RECORDS SUPPLIED:
■ ■ ■

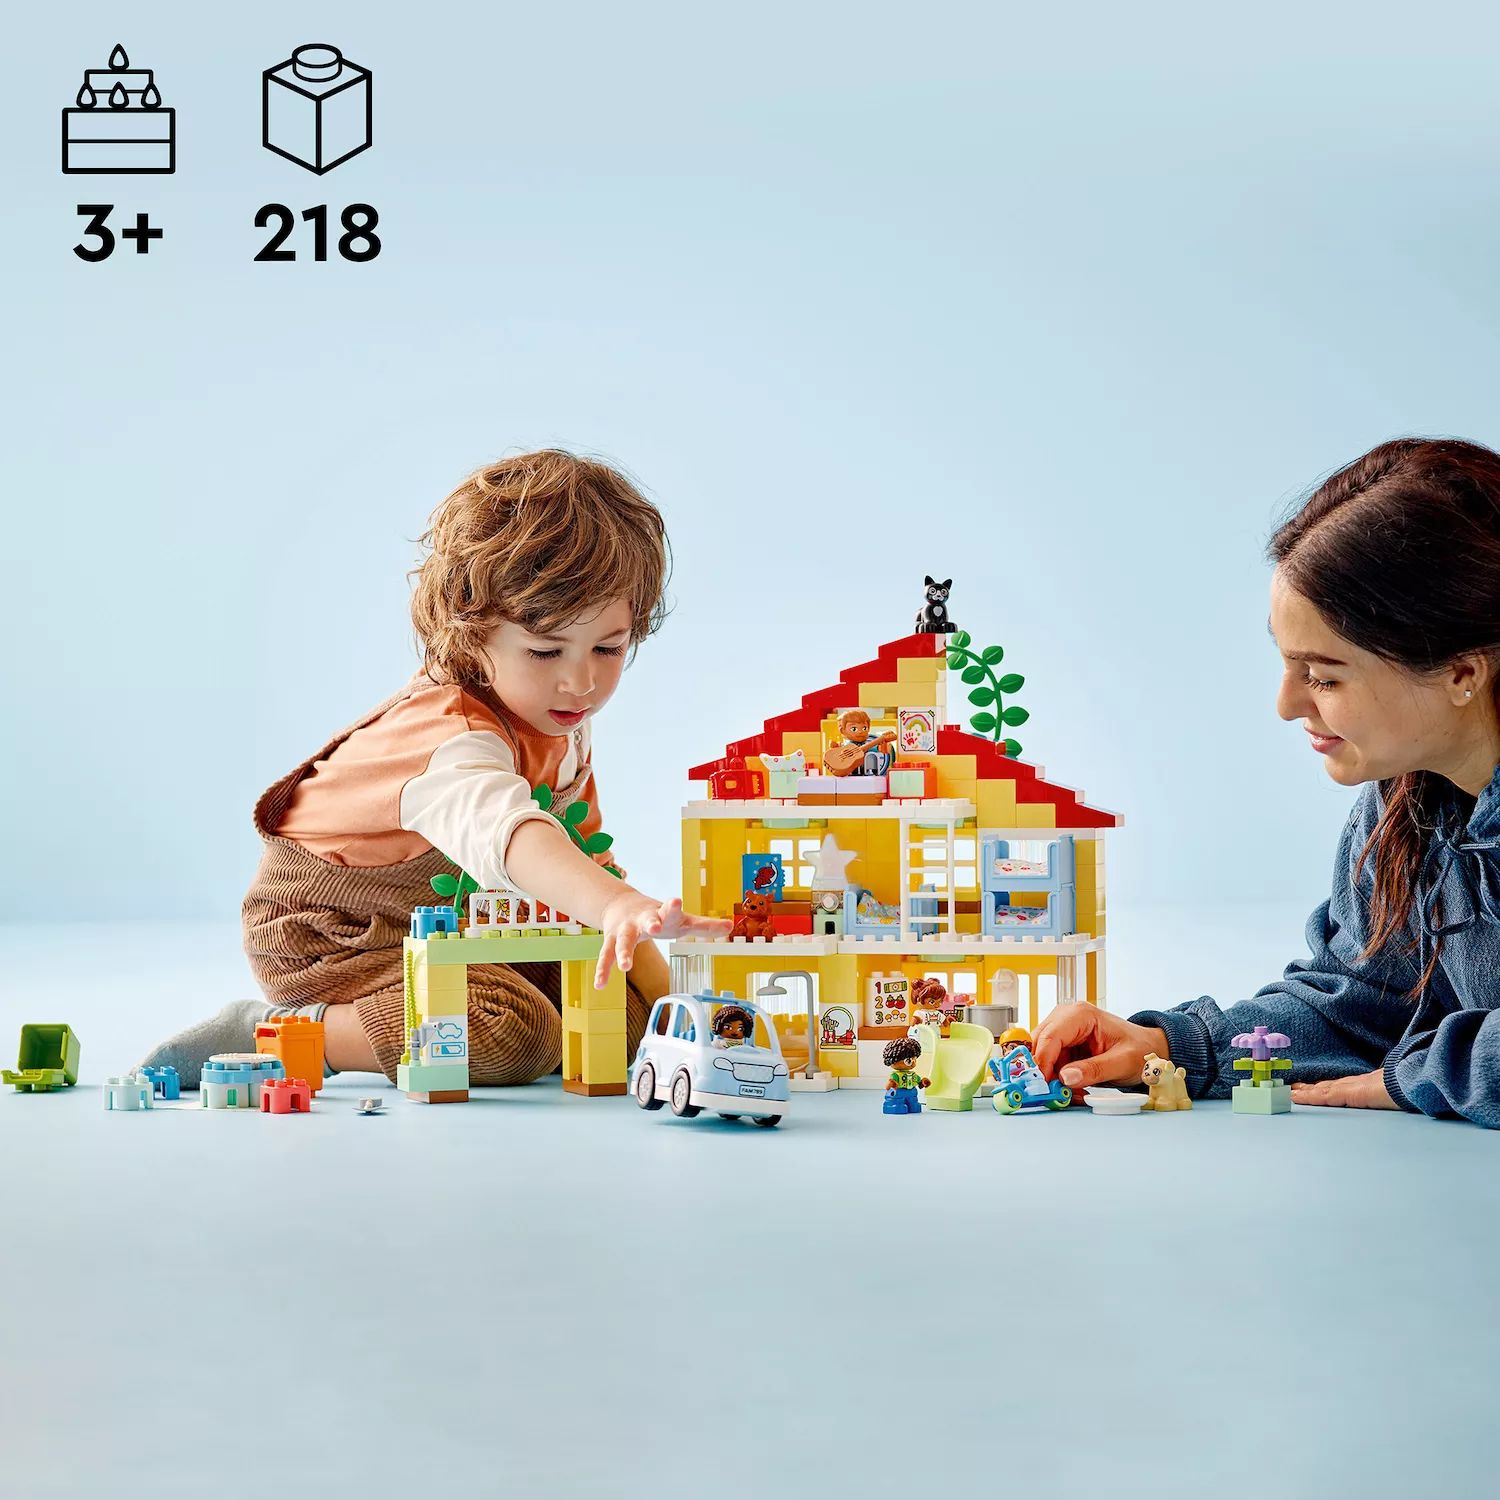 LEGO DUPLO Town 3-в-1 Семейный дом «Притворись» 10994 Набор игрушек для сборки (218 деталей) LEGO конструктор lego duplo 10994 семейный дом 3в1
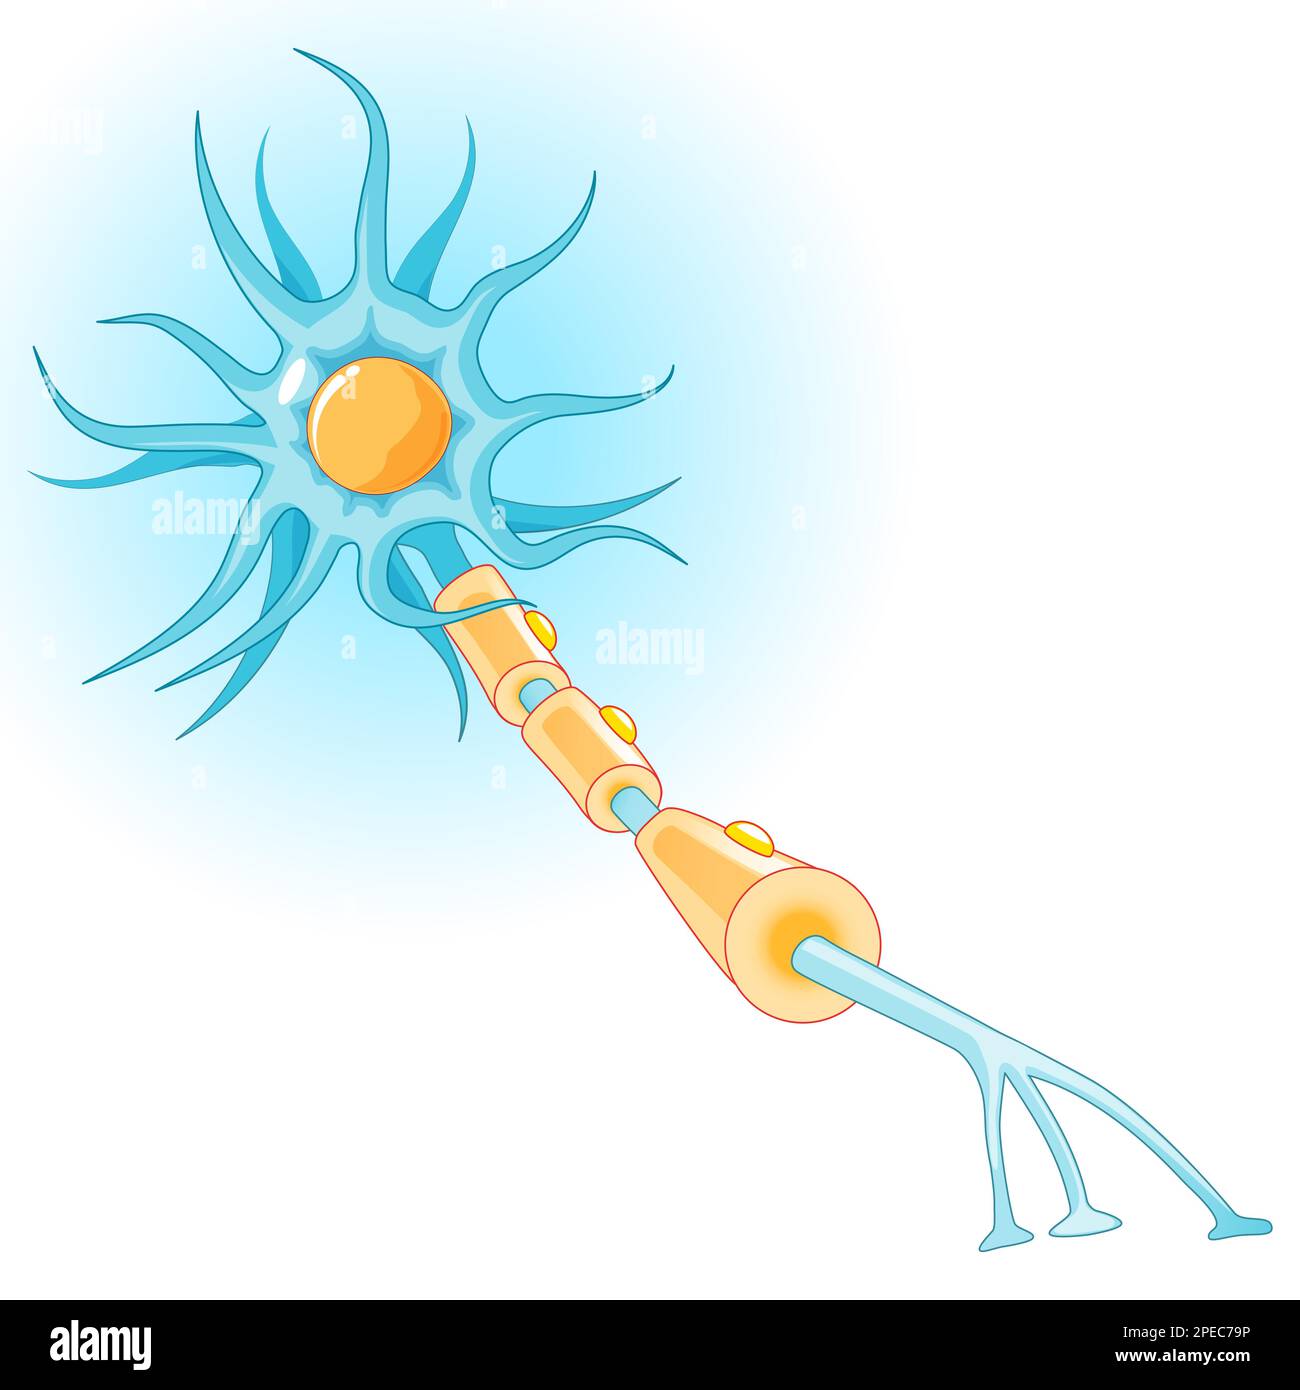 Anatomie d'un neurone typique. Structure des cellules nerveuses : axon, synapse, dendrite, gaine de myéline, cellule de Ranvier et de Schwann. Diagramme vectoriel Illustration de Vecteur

■ ■ ■

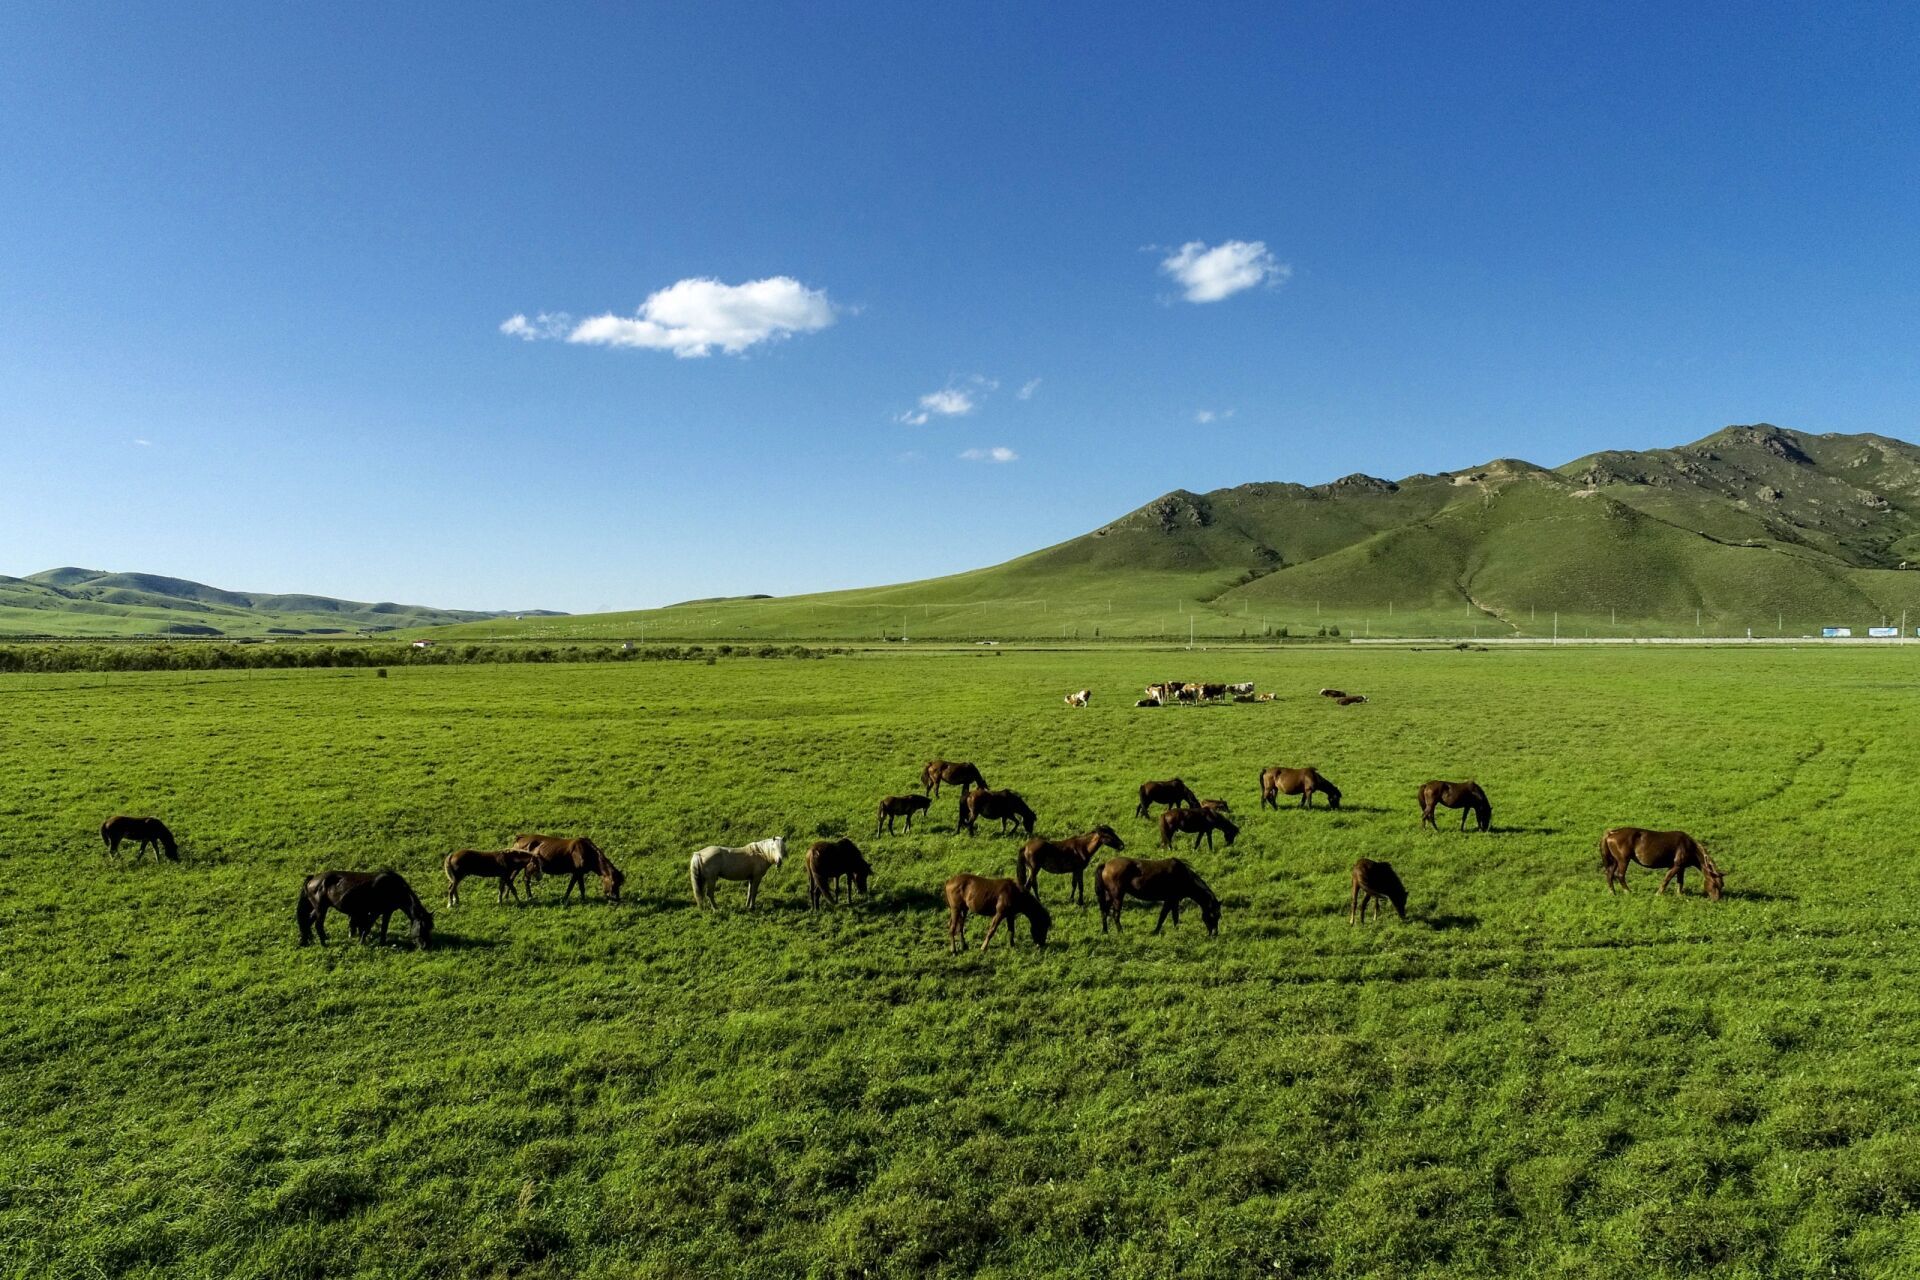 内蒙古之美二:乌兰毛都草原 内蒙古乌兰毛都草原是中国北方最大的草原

■ ■ ■

GOAL OF THE EXERCISE:
Restate word for word every line from the one with "LEGO DUPLO Town" up to and including the one with "Anatomie d'un neurone" in the records above, minus the pictures.

OUTPUT OF THE TASK:
 LEGO DUPLO Town 3-в-1 Семейный дом «Притворись» 10994 Набор игрушек для сборки (218 деталей) LEGO конструктор lego duplo 10994 семейный дом 3в1
 Anatomie d'un neurone typique. Structure des cellules nerveuses : axon, synapse, dendrite, gaine de myéline, cellule de Ranvier et de Schwann. Diagramme vectoriel Illustration de Vecteur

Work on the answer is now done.